= Phil McCrea =

McCrea teaching photosynthesis in one of his Biology classes at New Trier.

Phil McCrea (1948–2016) was president of the National Association of Biology Teachers. He was a biology instructor who also published scholarly works, won the Illinois Outstanding Biology Teacher Award, and appeared on Oprah as an expert on household sanitation.

==Employment==
Phil McCrea was a biology teacher at New Trier High School in Northfield, Illinois and taught at The College of Lake County (CLC) in Grayslake, Illinois and at Mchenry Community College (MCC) in Crystal Lake, IL. He taught at New Trier starting in 1971, at CLC since 1995, and at MCC starting the summer of 2008. He won the outstanding part-time faculty award from the College of Lake County in 2006. At New Trier, he was a sponsor of the Biology Club as well as the Biology Coach for Science Olympiad.
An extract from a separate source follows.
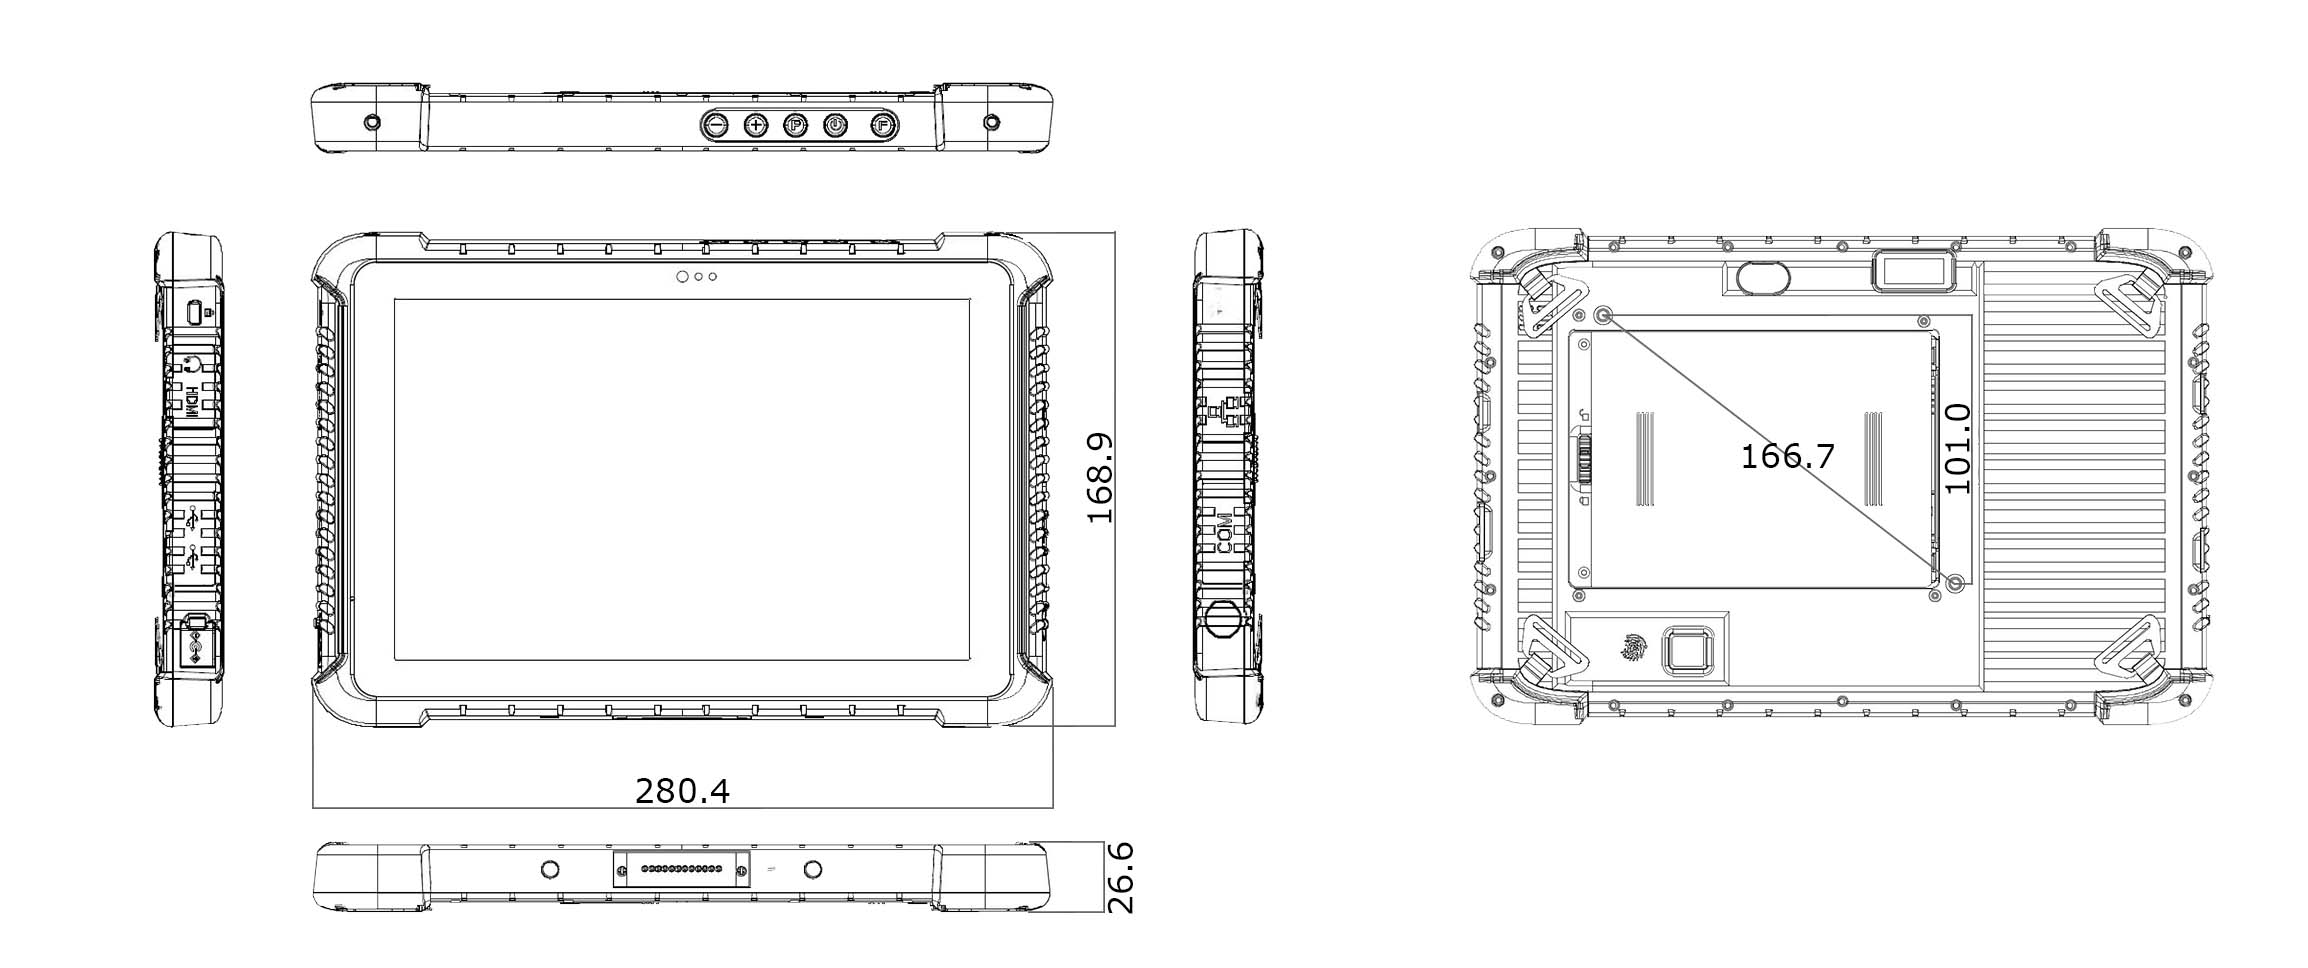 TRT-Q5380-10 technical drawing

==Educational background==
Phil McCrea received his bachelor's degree in Science from the University of Illinois Chicago (UIC) in 1970, and also received his master's degree in Behavioral Genetics in 1974 from UIC.

==Awards and honors==
Phil McCrea was the President of the National Association of Biology Teachers in 2000. He was also the Executive secretary and Treasurer of the Illinois Association of Biology Teachers since 1981 In 1980 he won the Outstanding Biology Teacher Award for Illinois. Furthermore, he was a member of the Council of Scientific Society Presidents from 1999 to 2001.

==Oprah==
Another claim to fame was his appearance on The Oprah Winfrey Show in 1997. He was invited as a biologist to comment about household sanitation issues. The theme of the episode was "Things to Get Rid Of." Phil commented on items such as mascara brushes and makeup sponges that were a breeding ground for bacteria.

==Other interests==
McCrea was also an accomplished folk-style guitar player, and had a deep soothing voice with which he sang songs about evolution and DNA to his classes. He had a talent for making art as well and designed a spa-like window for his home and tile designs on his kitchen floor. He also enjoyed working in wood, cutting and painting yard ornaments, and highlighting displays of furniture and appliances.